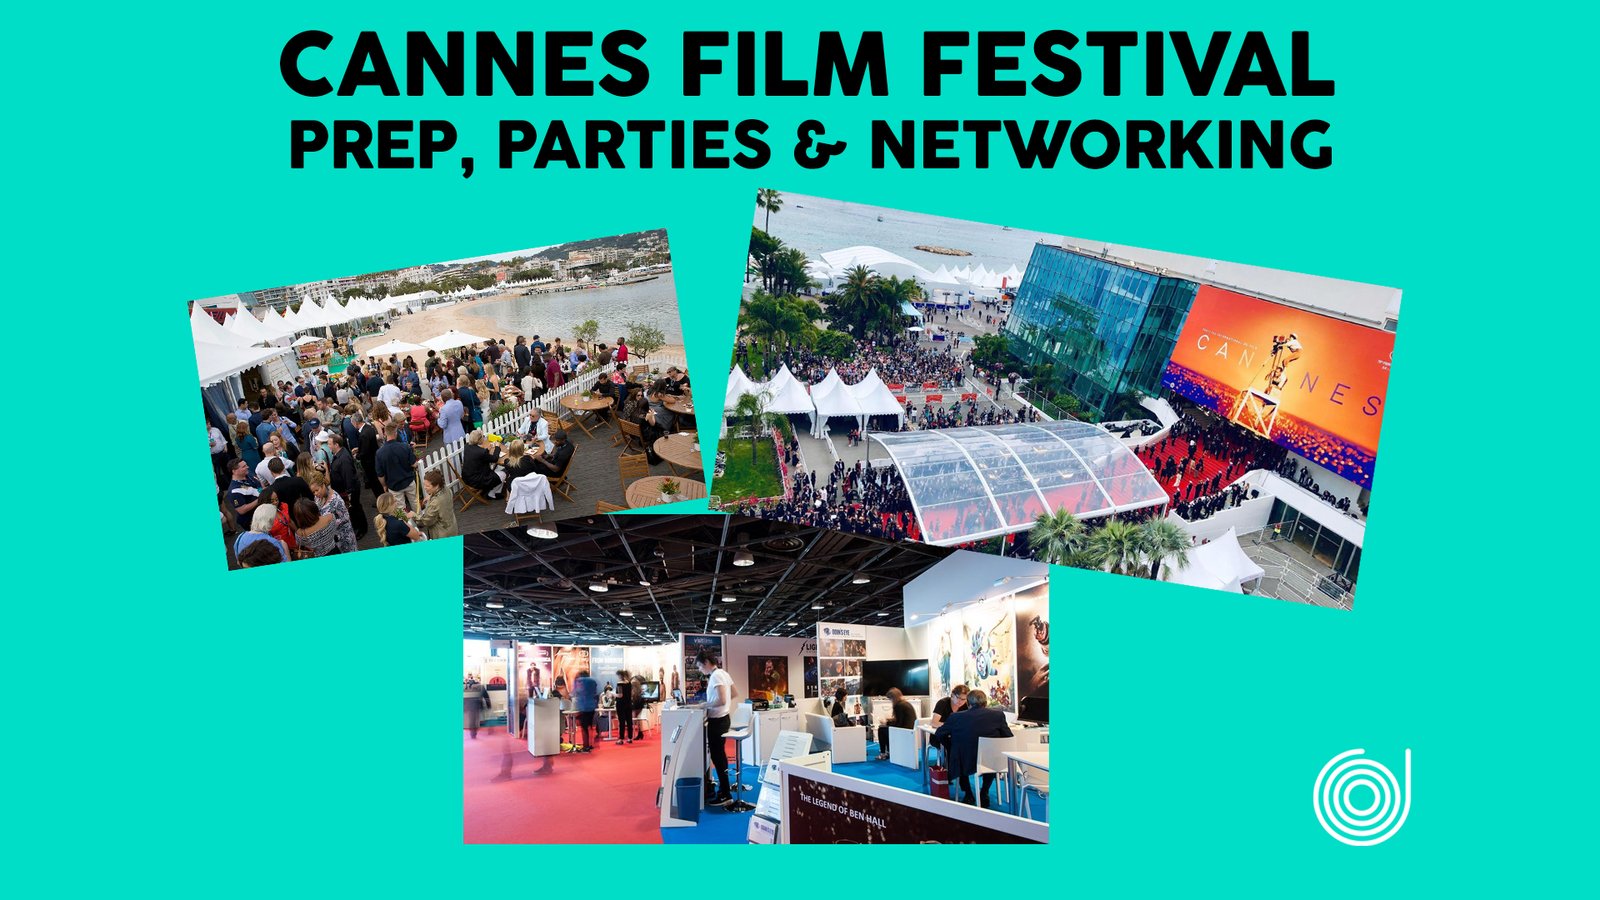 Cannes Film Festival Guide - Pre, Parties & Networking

-- -- --

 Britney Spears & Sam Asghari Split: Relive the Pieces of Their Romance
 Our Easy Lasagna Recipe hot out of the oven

-- -- --

EXERCISE INSTRUCTIONS
All that is wanted is an exact copy of the lines above from the one with "Britney Spears &" through the one with "Our Easy Lasagna Recipe hot out of the oven", with both ends included.

ANSWER TO THE EXERCISE
 Britney Spears & Sam Asghari Split: Relive the Pieces of Their Romance
 Our Easy Lasagna Recipe hot out of the oven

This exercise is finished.